- Born: March 21, 1805 Ashfield, Massachusetts, U.S.
- Died: January 19, 1890 (aged 84) Washington, D.C., U.S.
- Buried: Oak Hill Cemetery Washington, D.C., U.S.
- Allegiance: United States of America Union
- Branch: United States Army Union Army
- Service years: 1828 – 1869
- Rank: Colonel Brevet Brigadier General
- Conflicts: American Civil War;
- Spouse: Esther Philipson ​(m. 1829)​
- Children: 5

= Robert E. Clary =

Robert Emmet Clary (March 21, 1805 – January 19, 1890) was a career soldier in the United States Army. Graduating from the United States Military Academy at West Point, New York, in 1828, he served in the quartermaster corps for most of his career. At the end of the American Civil War, he was awarded the honorary grade of brevet brigadier general.

==Early life==
Born March 21, 1805, in Ashfield, Massachusetts, the second son of Electa (Smith) and Ethan Allen Clary was named after the recently executed Irish patriot Robert Emmet. Their family could trace its line back to John and Sarah Clary who arrived in Watertown in 1640. The younger Clarys were raised in a house at Benton Park, at the corner of State and Federal streets in Springfield, where their father clerked a few blocks away at the armory. Springfield's Walnut Street was named after the trees which lined the Clary property.

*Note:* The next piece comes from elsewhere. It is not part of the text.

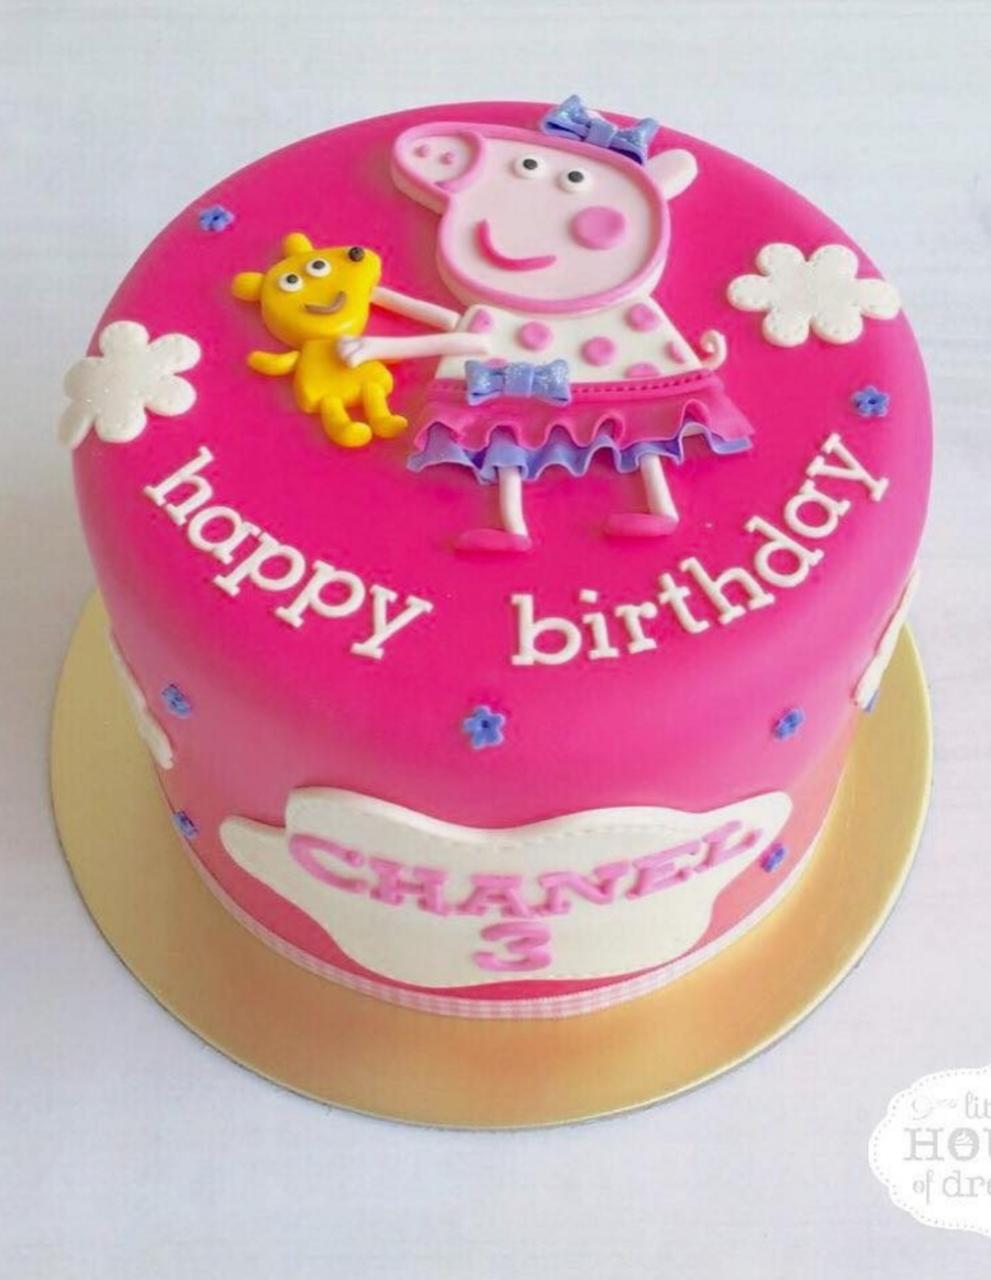 HBD037 - Birthday cake

Appointed to the U. S. Military Academy in 1823, Clary graduated thirteenth in his class of 1828. Commissioned a second lieutenant in the 5th U.S. Infantry Regiment, Clary, like many in his class, was sent to the Jefferson Barracks at St. Louis, Missouri. On March 31, 1829, Clary married his first wife, Esther Philipson, the daughter of a prosperous merchant family; West Point classmate Jefferson Davis served as his best man.

==Military career==
Clary served at various stations throughout the country prior to the Civil War. By 1861, he had been promoted to major and was chief quartermaster of the Department of Utah.

===Civil War===
Shortly after the outbreak of the Civil War, Clary was appointed chief quartermaster for the Department of West Virginia. In July 1862, he served as chief quartermaster of the short-lived Army of Virginia in the summer of 1862 under the command of Major General John Pope. After that command was absorbed by the Army of the Potomac, Clary served as chief quartermaster in several army departments until August 1864, when he was placed in charge of the Memphis army depot, in which capacity he served until the end of the war. On June 30, 1866, President Andrew Johnson nominated Clary for the award of the honorary grade of brevet brigadier general, U.S.A., (Regular Army), to rank from March 13, 1865, and the U.S. Senate confirmed the award on July 25, 1866.

===Post-Civil War===
Clary retired from the army on February 22, 1869, as a colonel. He died on January 19, 1890, in Washington, D.C. and was buried in Oak Hill Cemetery.

==Family==
Clary had several brothers and sisters, one of whom, retired U.S. Navy commodore Albert Gallatin Clary, was still living at the time of his older brother's death. Clary's first marriage to Esther produced five children who lived to adulthood. Son Robert, Jr. would follow his father into the army, dying as captain in 1864. One daughter, Maria Louisa, married Charles Pomeroy Stone before the war, and died in 1862, leaving Stone with one infant daughter.